*** DATA BELOW ***
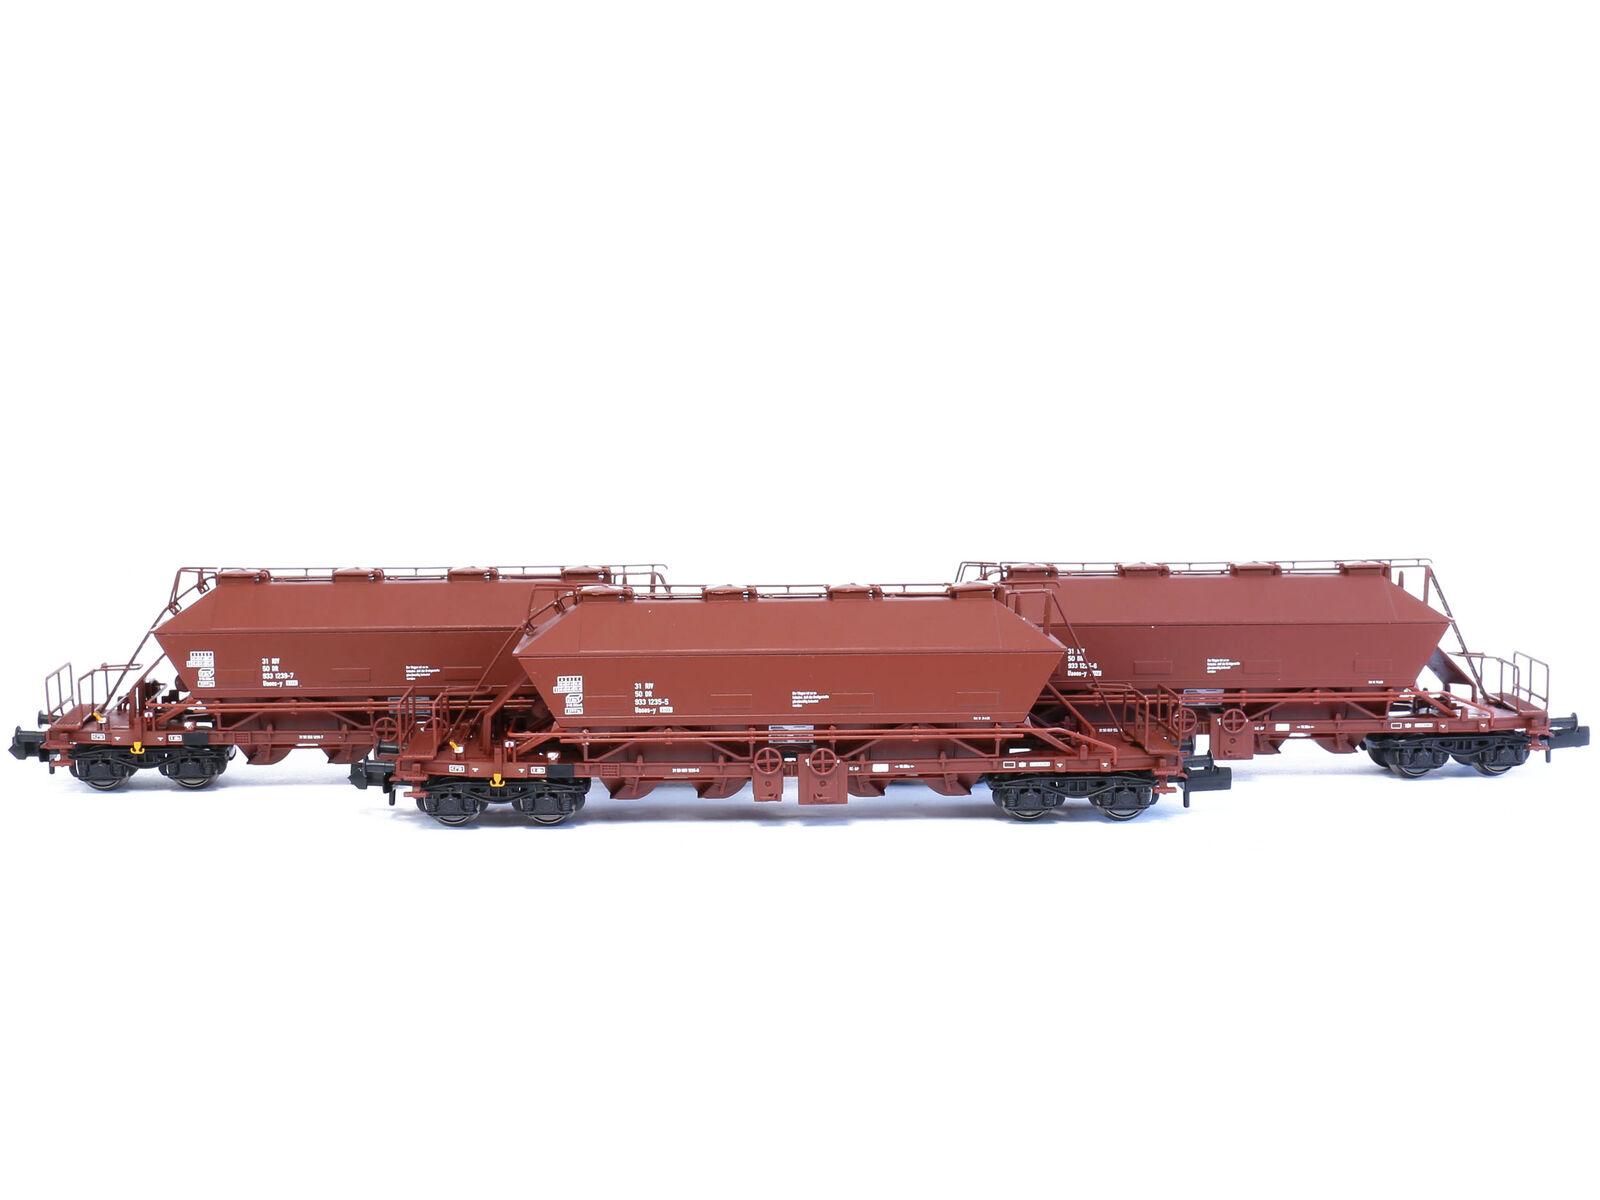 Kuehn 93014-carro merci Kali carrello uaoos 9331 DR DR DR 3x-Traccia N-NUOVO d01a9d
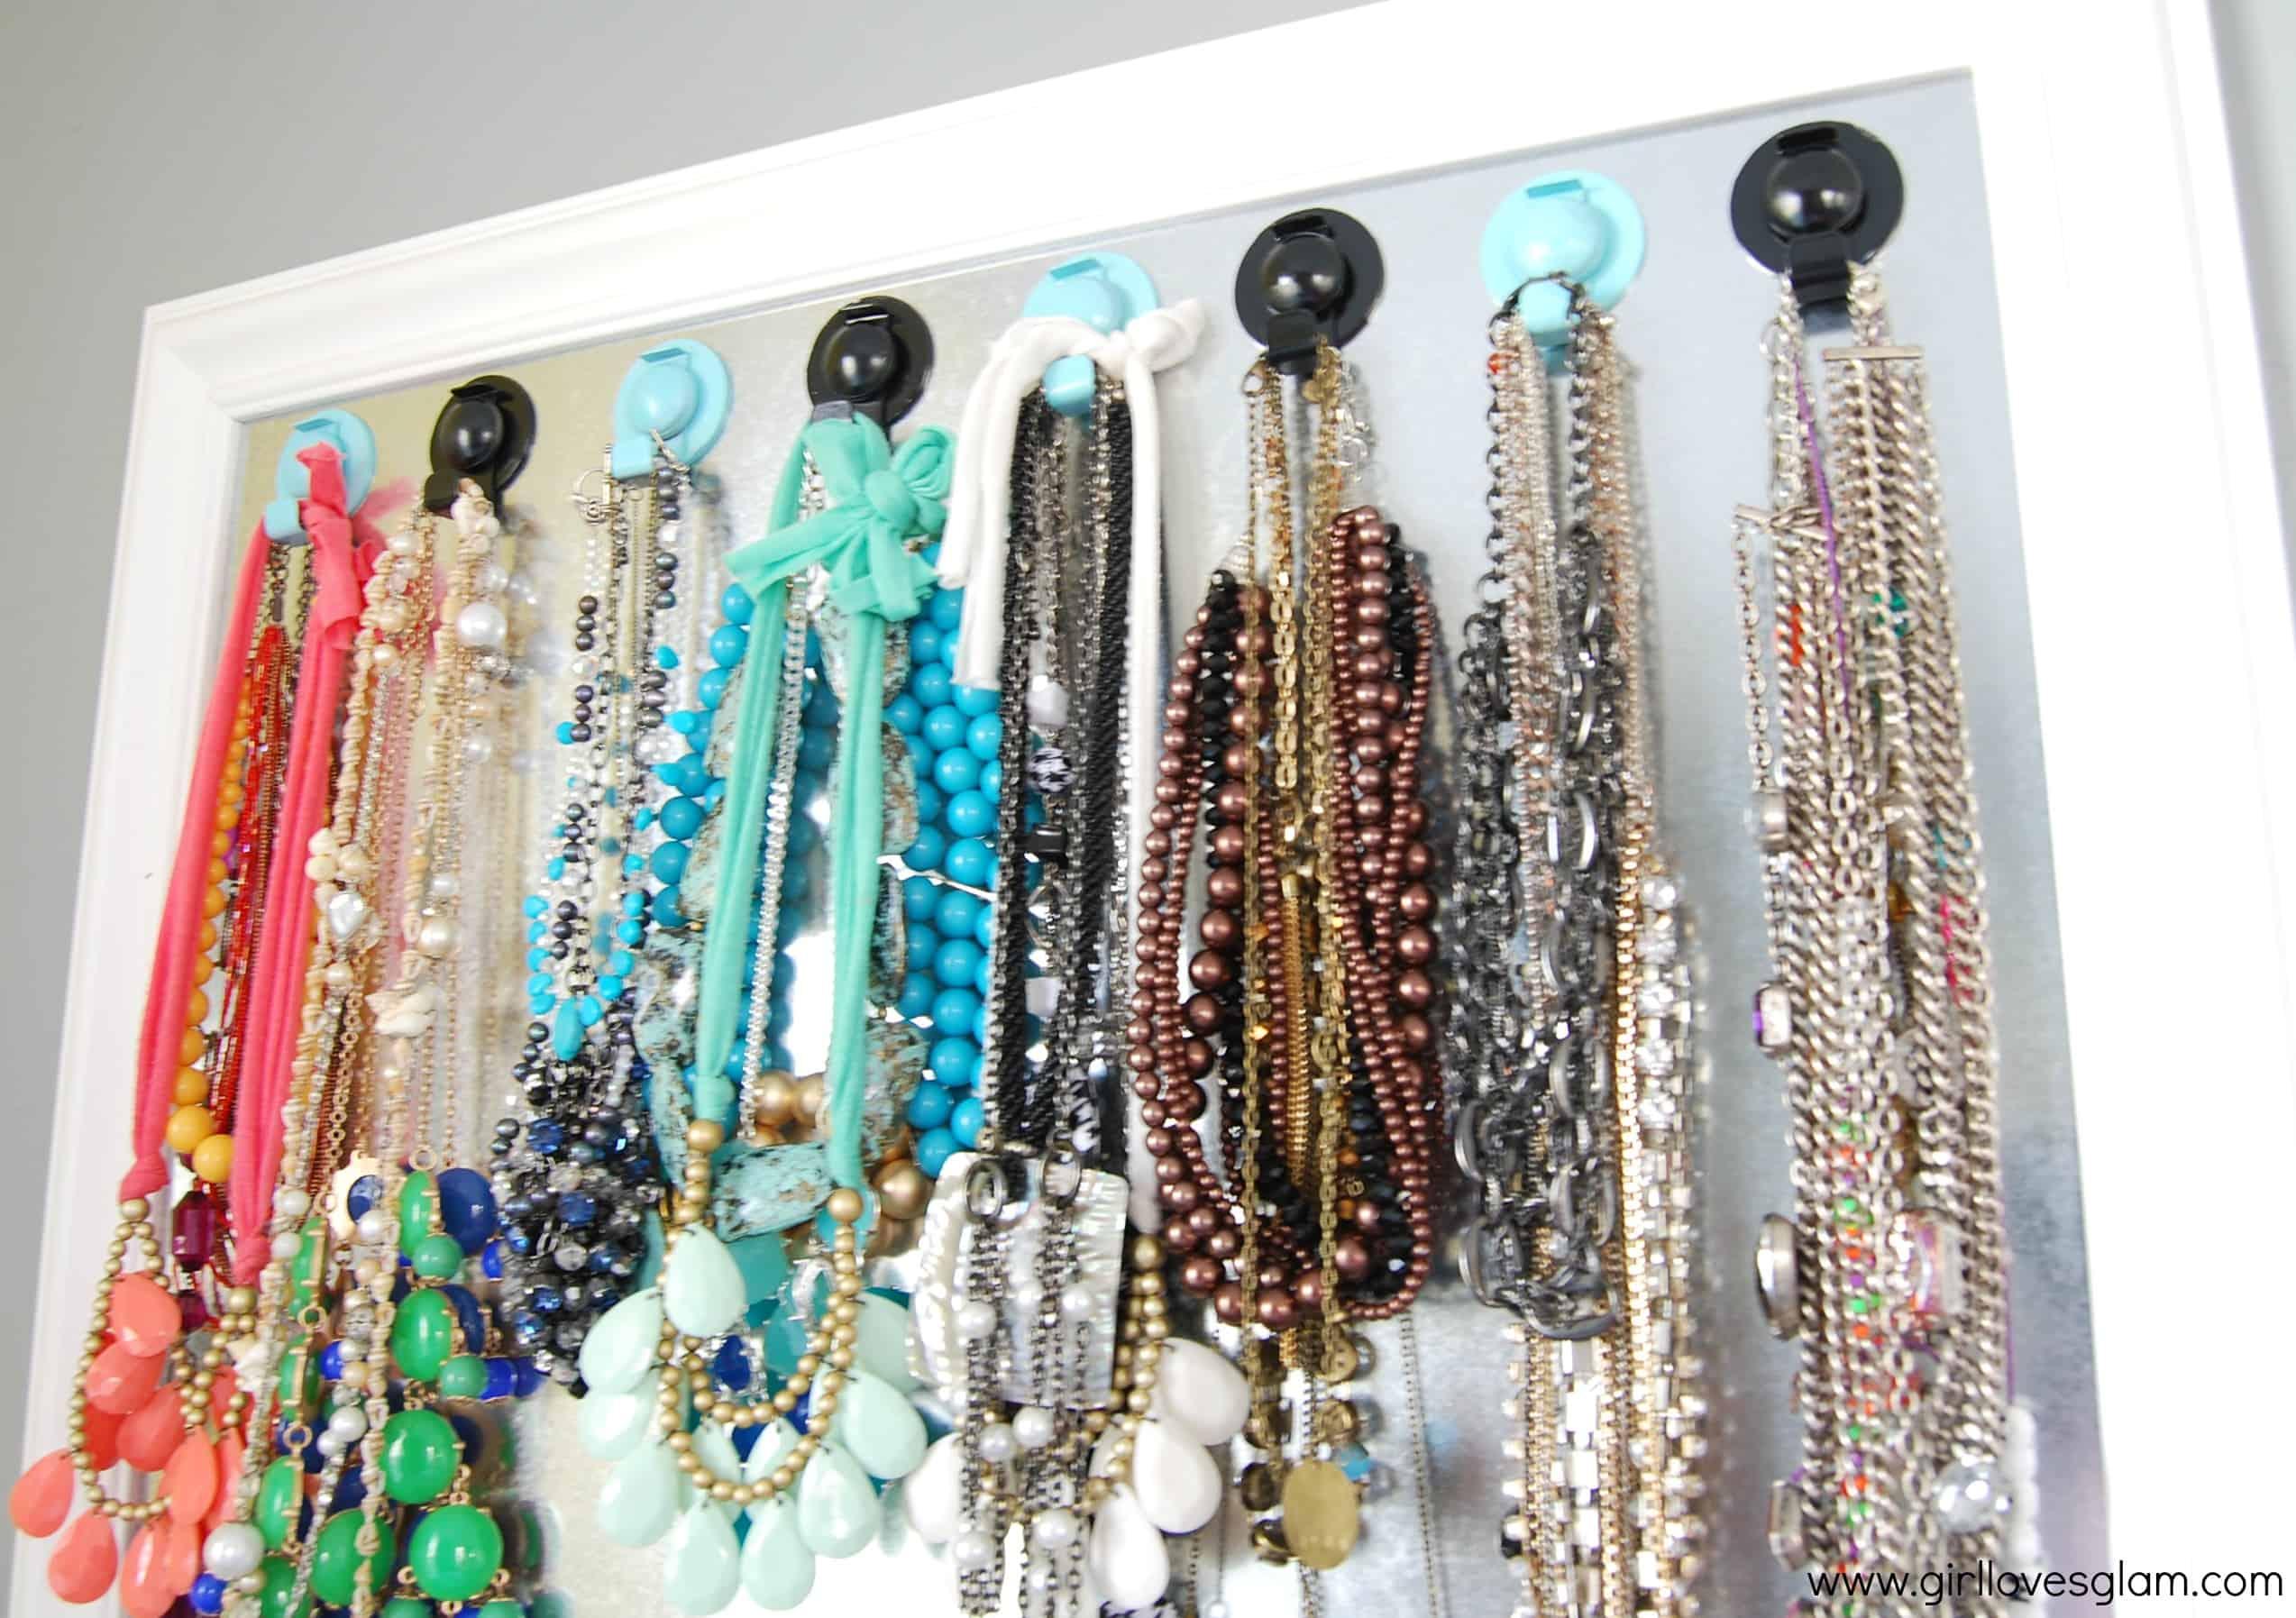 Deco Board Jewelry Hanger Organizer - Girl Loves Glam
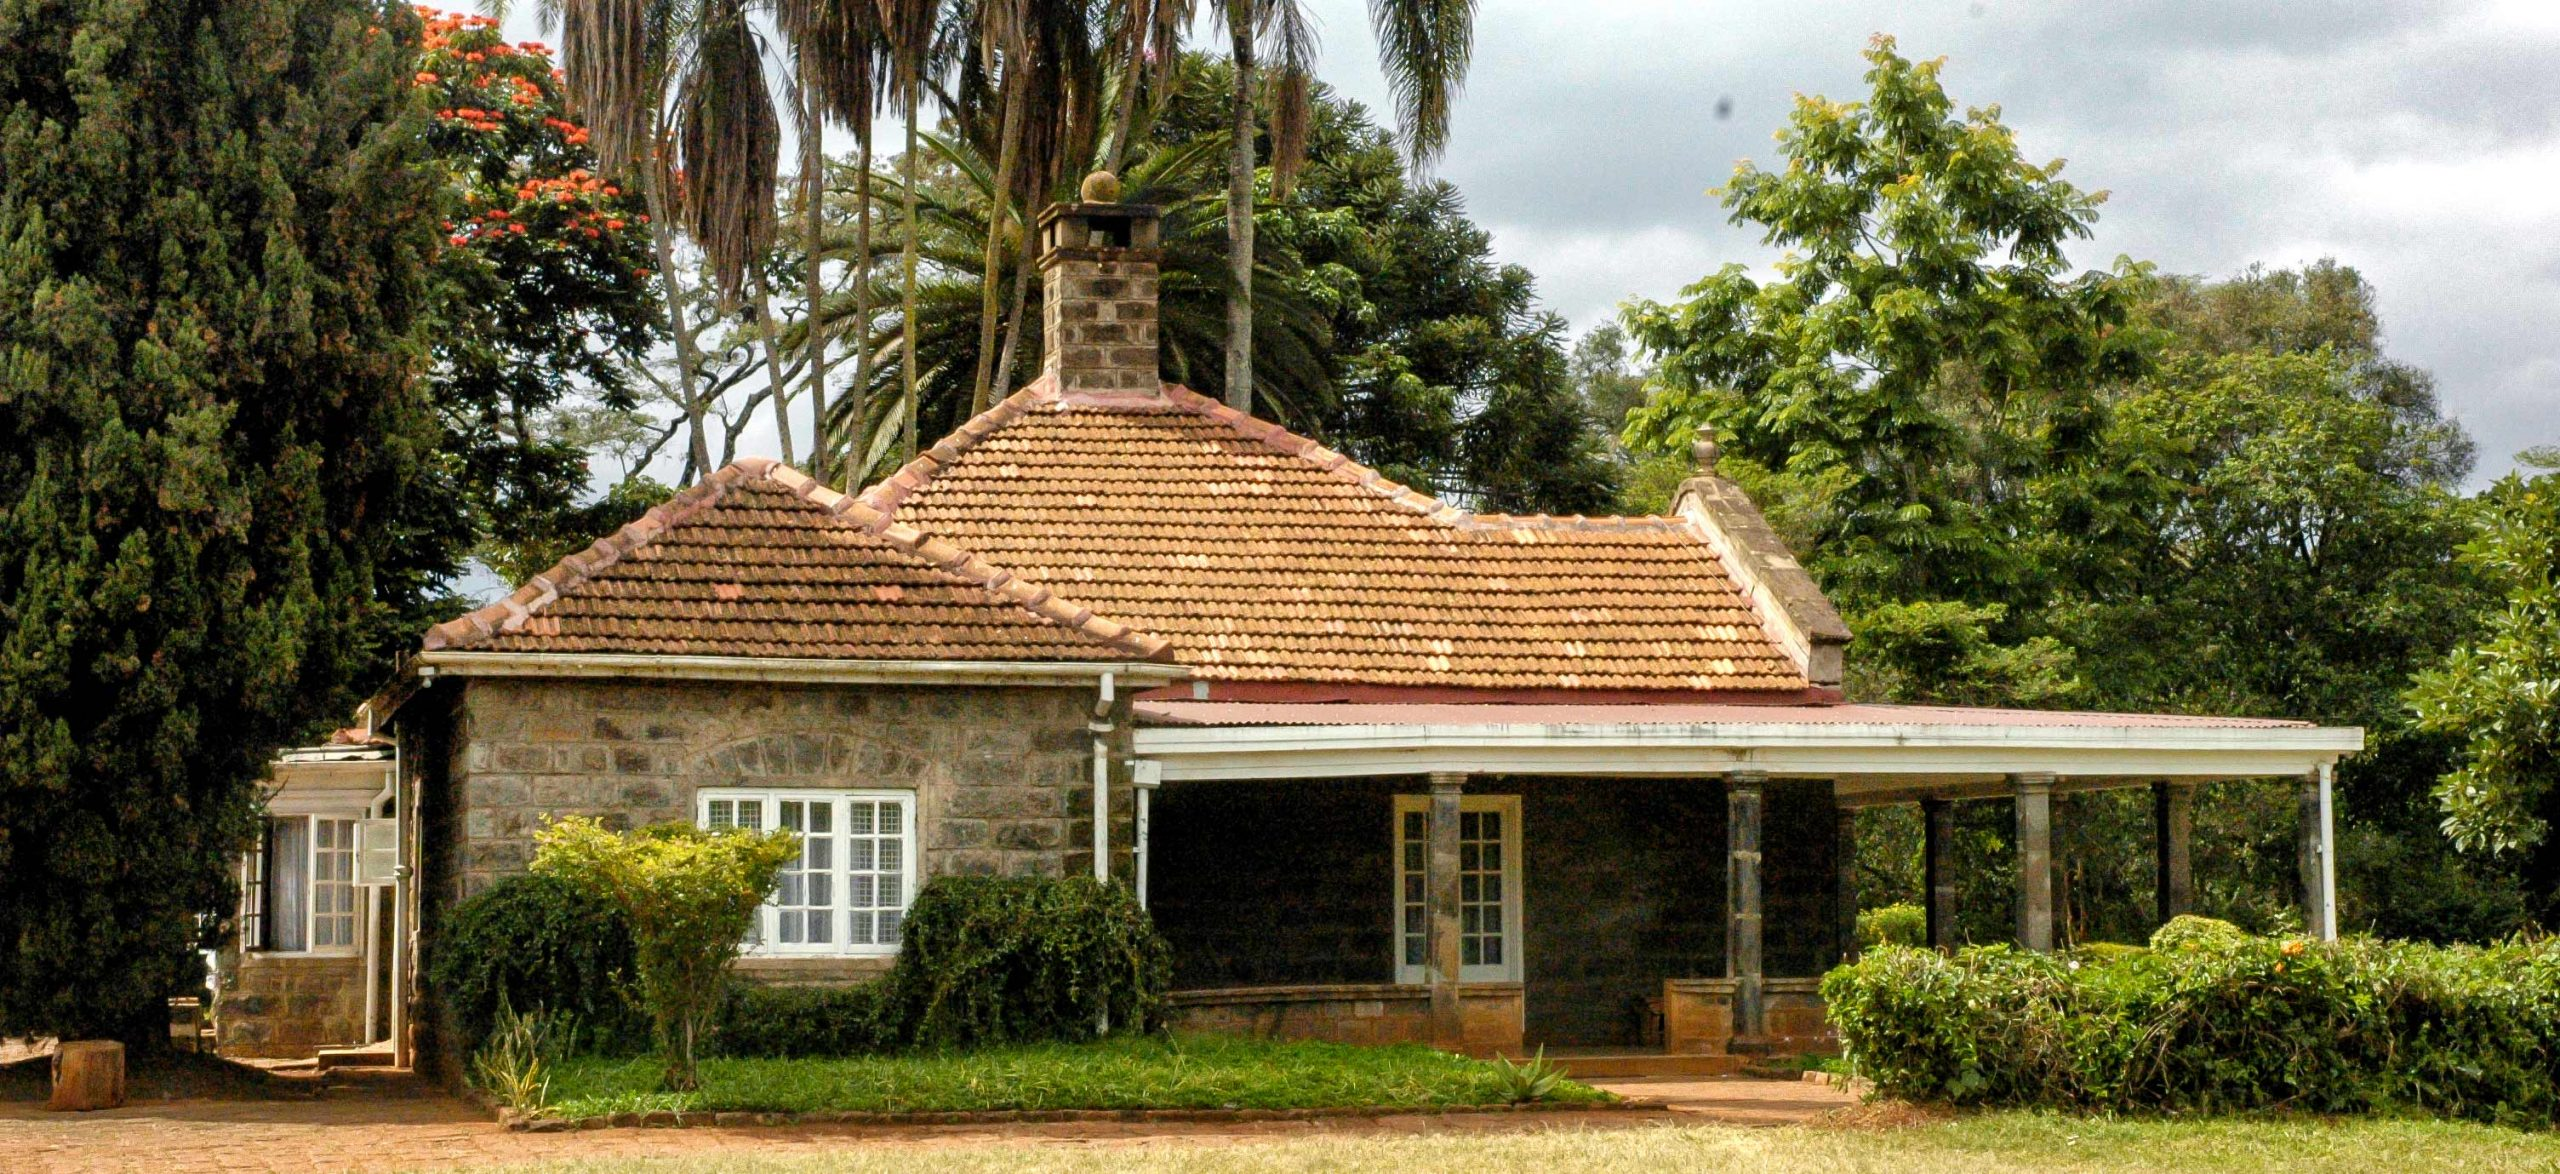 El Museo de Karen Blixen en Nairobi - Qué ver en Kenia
***
TASK DETAILS:
All of the data must be set down exactly, with no pictures included.

OUTPUT OF THE TASK:
 Kuehn 93014-carro merci Kali carrello uaoos 9331 DR DR DR 3x-Traccia N-NUOVO d01a9d
 Deco Board Jewelry Hanger Organizer - Girl Loves Glam
 El Museo de Karen Blixen en Nairobi - Qué ver en Kenia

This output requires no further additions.